Interpretation and comparative analysis of the obtained results

The simulation results clearly demonstrate the superiority of the proposed WHO–POA-optimized Fuzzy-CNN model across all evaluation scenarios. On the full 7-class AAMI task, the model achieved an overall accuracy of 99.71%, precision of 97.18%, recall of 97.87%, and macro F1-score of 96.85%, with particularly high clinical value in detecting life-threatening arrhythmias: sensitivity reached 98.95% for ventricular ectopic beats (V) and 96.67% for supraventricular ectopic beats (S). When evaluated on the standard AAMI 4-class benchmark (most widely used in the literature), performance further improved to 99.97% accuracy and 99.82% sensitivity for class V, confirming that merging rare classes (Q, LBBB, RBBB) into the normal category — as done in most high-impact studies — enhances overall metrics without sacrificing detection of dangerous rhythms.

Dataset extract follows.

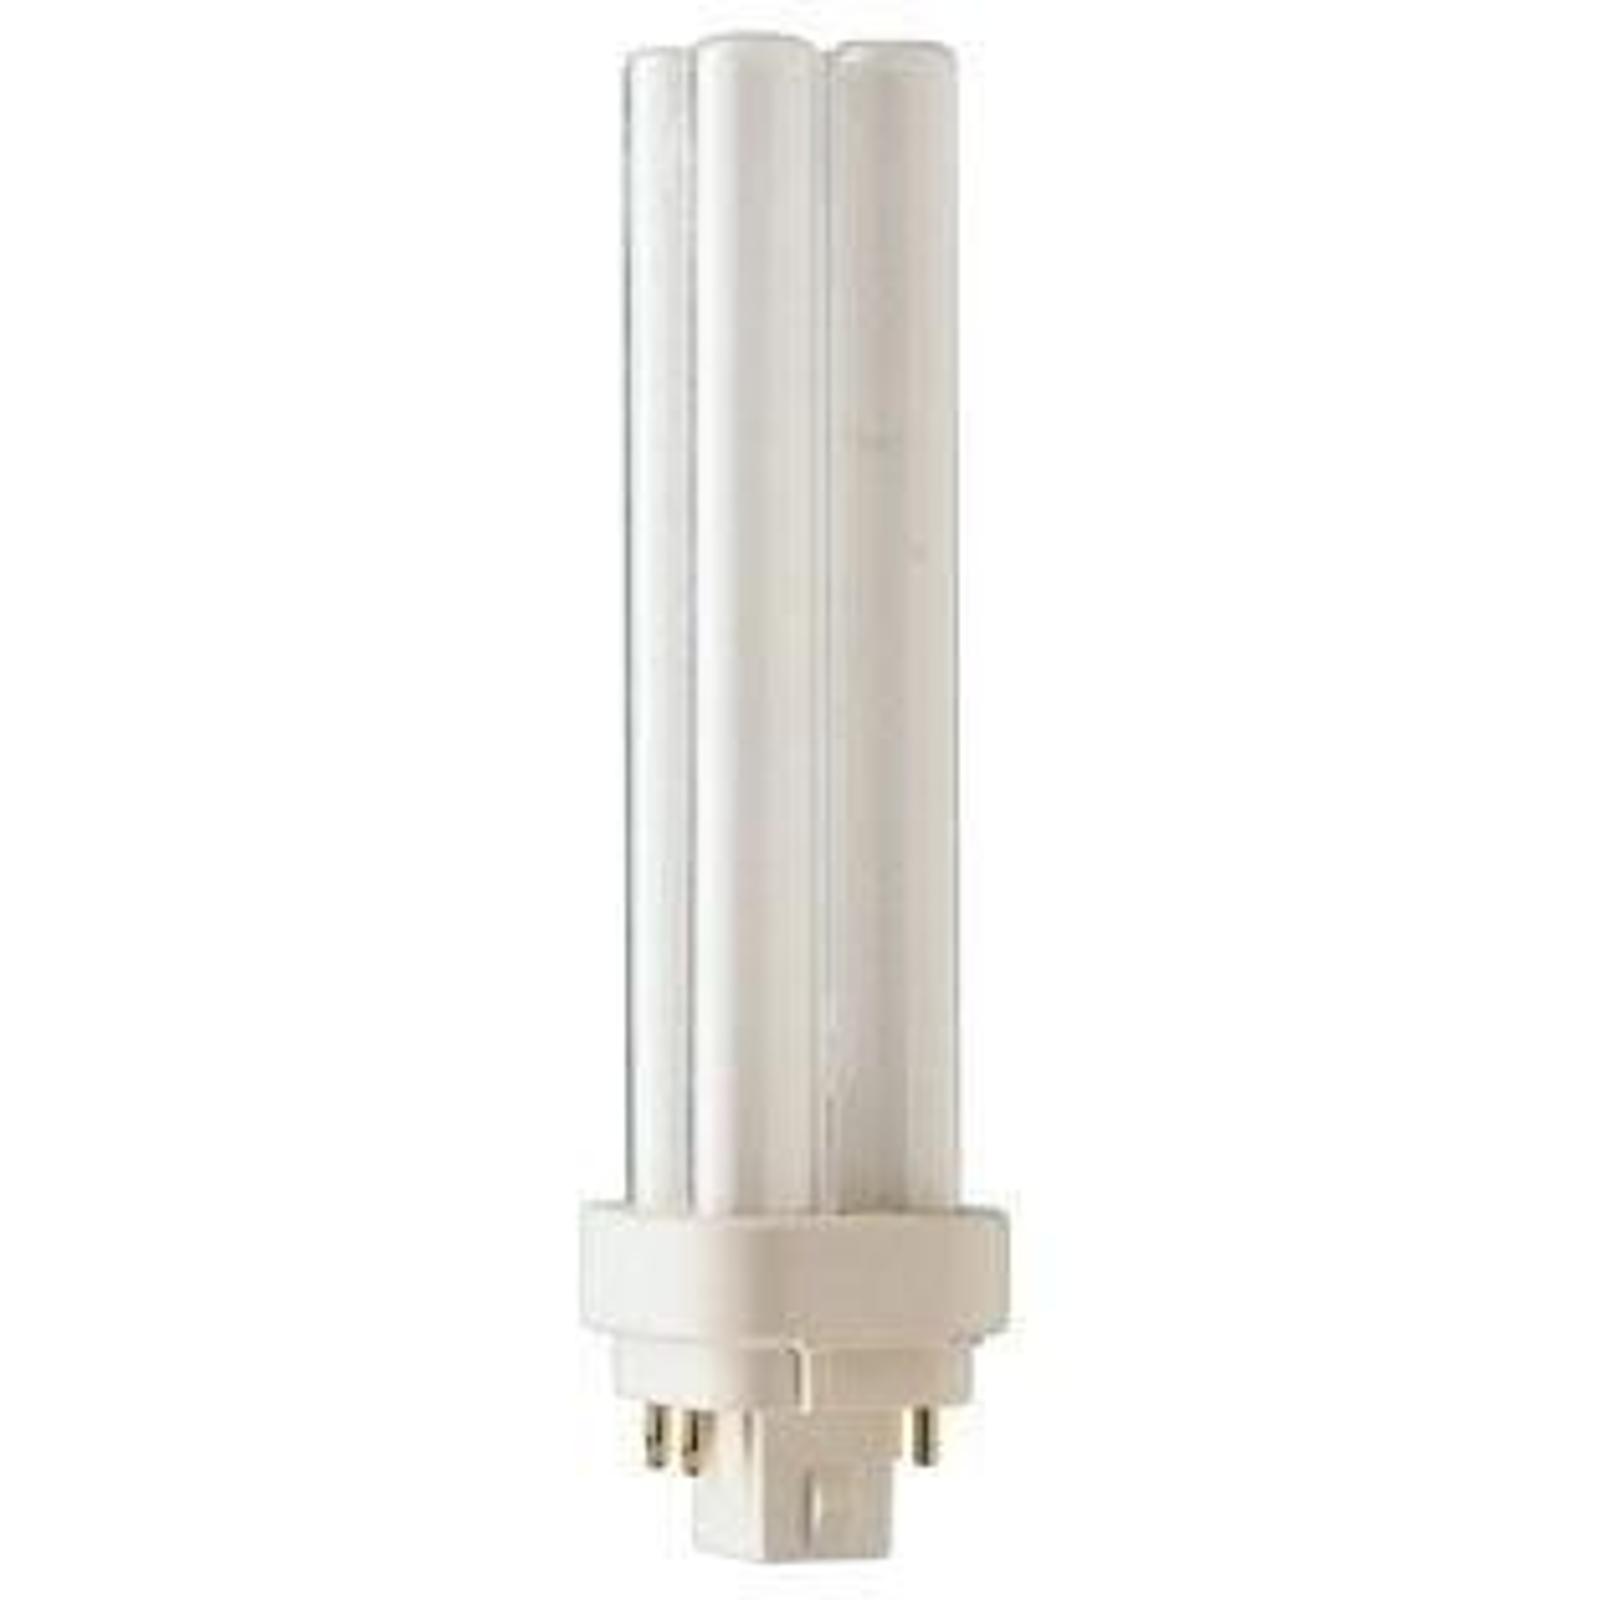 G24q 18W 840 kompakt lysstofrør Dulux D/E

Compared to recent state-of-the-art methods published between 2022 and 2025 (including CNN-LSTM hybrids, attention-based models, and other meta-heuristic-optimized systems), the proposed framework consistently ranks at the top in both overall accuracy and, more importantly, in sensitivity for the clinically critical V and S classes (Fig. 14). This improvement is attributed to three synergistic innovations: (i) WHO-driven adaptive 2D image generation that preserves patient-specific morphological details, (ii) joint temporal-visual feature fusion, and (iii) POA-based global optimization that escapes local minima typically encountered by gradient descent methods. These factors collectively yield a more robust and interpretable classifier suitable for real-world deployment in wearable devices and telemedicine platforms.

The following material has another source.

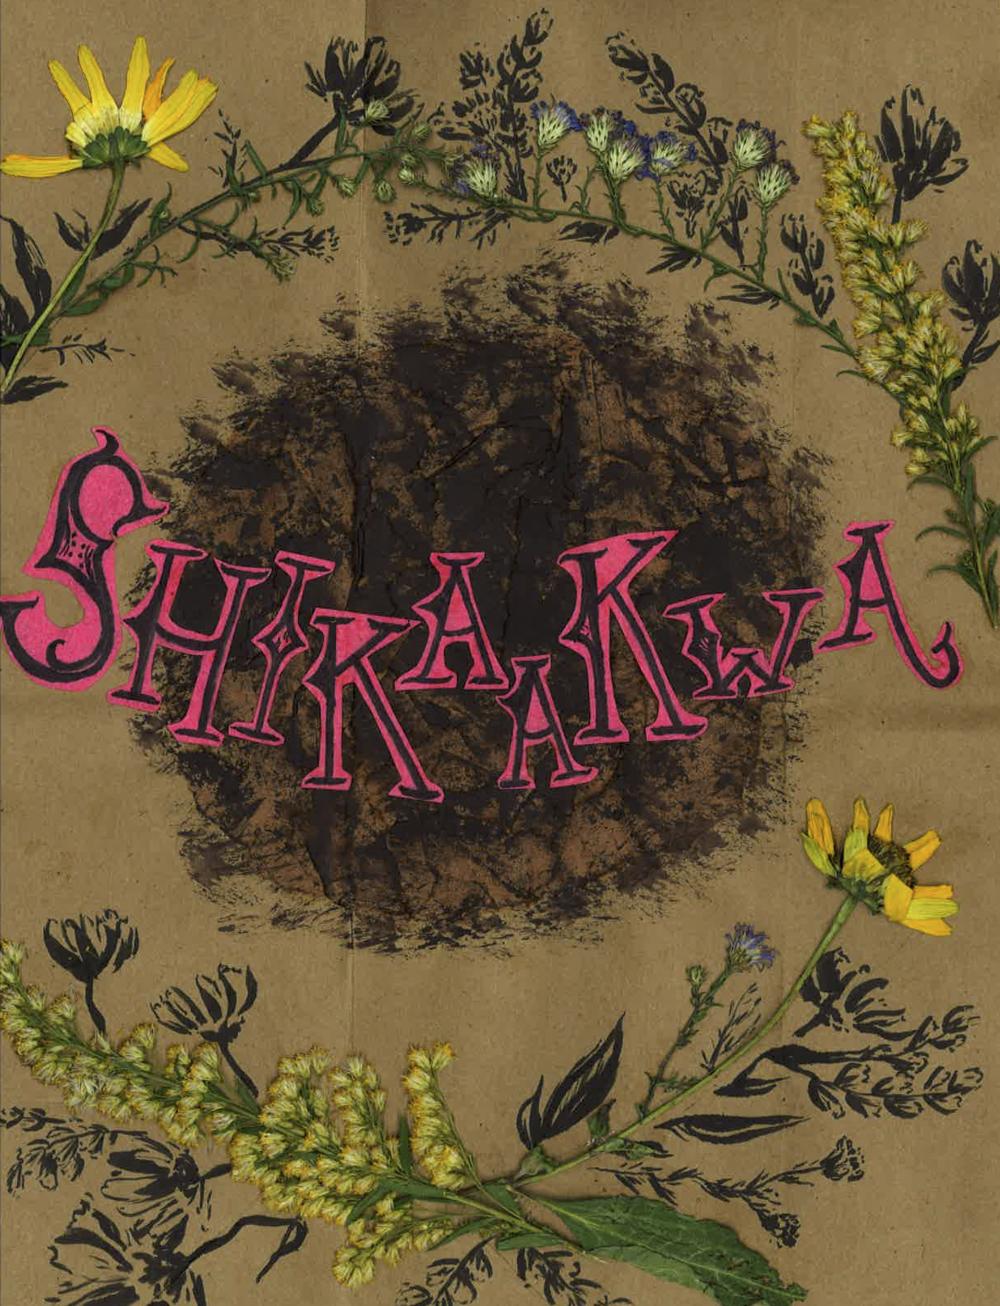 Shikaakwa cover.png

The main innovation of the proposed Fuzzy-CNN model lies in the simultaneous integration of Takagi–Sugeno fuzzy logic in the final CNN layer with its dual optimization: using the WHO metaheuristic algorithm for the 2D image transformation part and training the Fuzzy-CNN model with the POA algorithm. This approach provides for the first time a fully optimized hybrid framework for ECG signal classification. By optimizing the process of transforming the signal into 2D images, the WHO algorithm allows for the extraction of patient-centric visual features. These features are more flexible than traditional transformation methods—such as the angulation transform or simple time–frequency transforms—and better preserve the morphological anomalies of the signal. Furthermore, the POA algorithm overcomes the limitations of gradient-based optimization (such as Adam) by simultaneously adjusting the coefficients of convolution filters and fuzzy parameters and achieves global convergence. This approach increases the sensitivity of the model for critical classes such as V (98.95%) and S (96.67%). This innovation not only improves the overall accuracy of the model to 99.71%, but also improves its interpretability through fuzzy rules, which is very useful in clinical applications, especially for real-time monitoring.

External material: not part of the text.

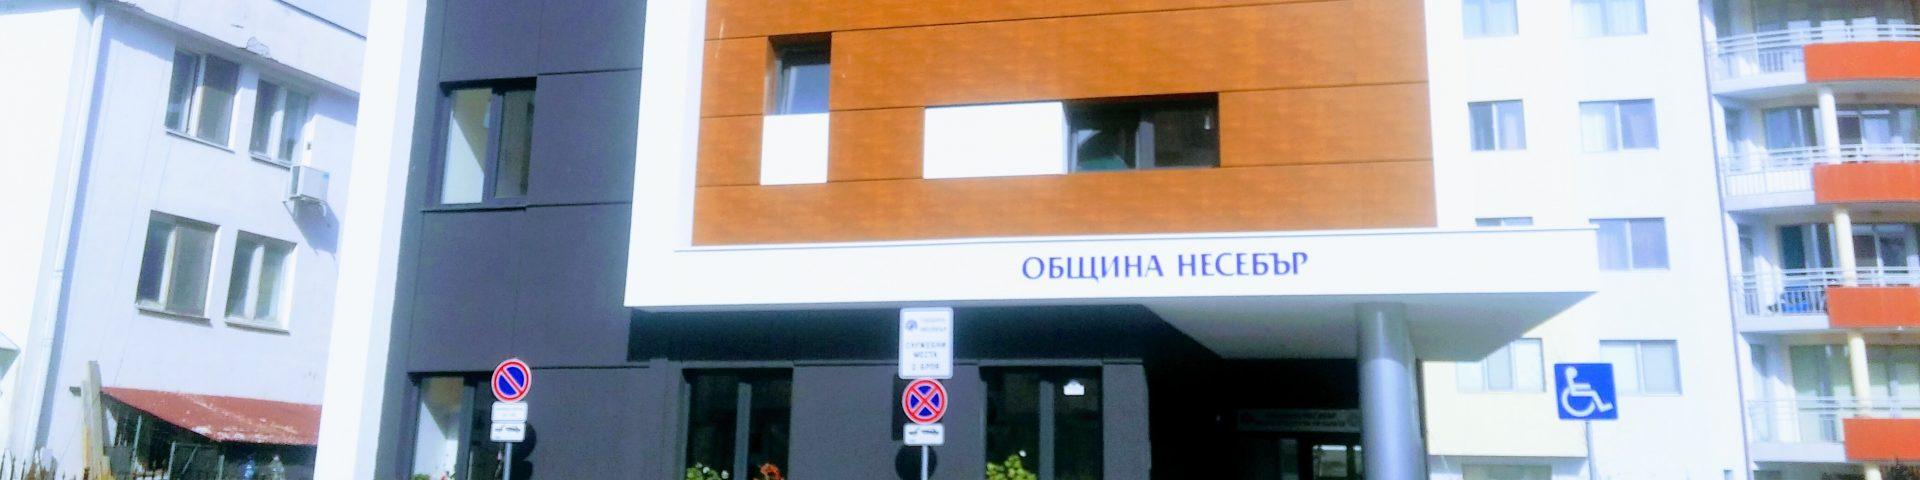 Община Несебър в Слънчев Бряг_налоги на недвижимость

Compared with existing methods, the proposed model outperforms hybrid models such as MPA-CNN¹⁰ or CNN-LSTM³⁴, which mainly focus on optimizing neural network parameters. The reason for this superiority is the use of fuzzy logic to handle uncertainty in approximation classes such as Q and F, as well as the use of two independent metaheuristic algorithms: WHO for preprocessing and POA for model training. Such a dual approach is not observed in recent studies, such as Hybrid CNN-LSTM with GA⁴⁰ or CNN optimized with metaheuristic methods³⁹, which demonstrates the novelty and performance advantage of the proposed model. The practical significance of this model lies in reducing the inference time to 9.473 s for 576 signals and achieving a macro F1-score of 96.85%, which shows higher performance than single-stage metaheuristic methods (such as GWO-CNN³¹) in wearable and telematic devices and can be applied in IoT systems for early detection of fatal arrhythmias (such as VEB and SVEB).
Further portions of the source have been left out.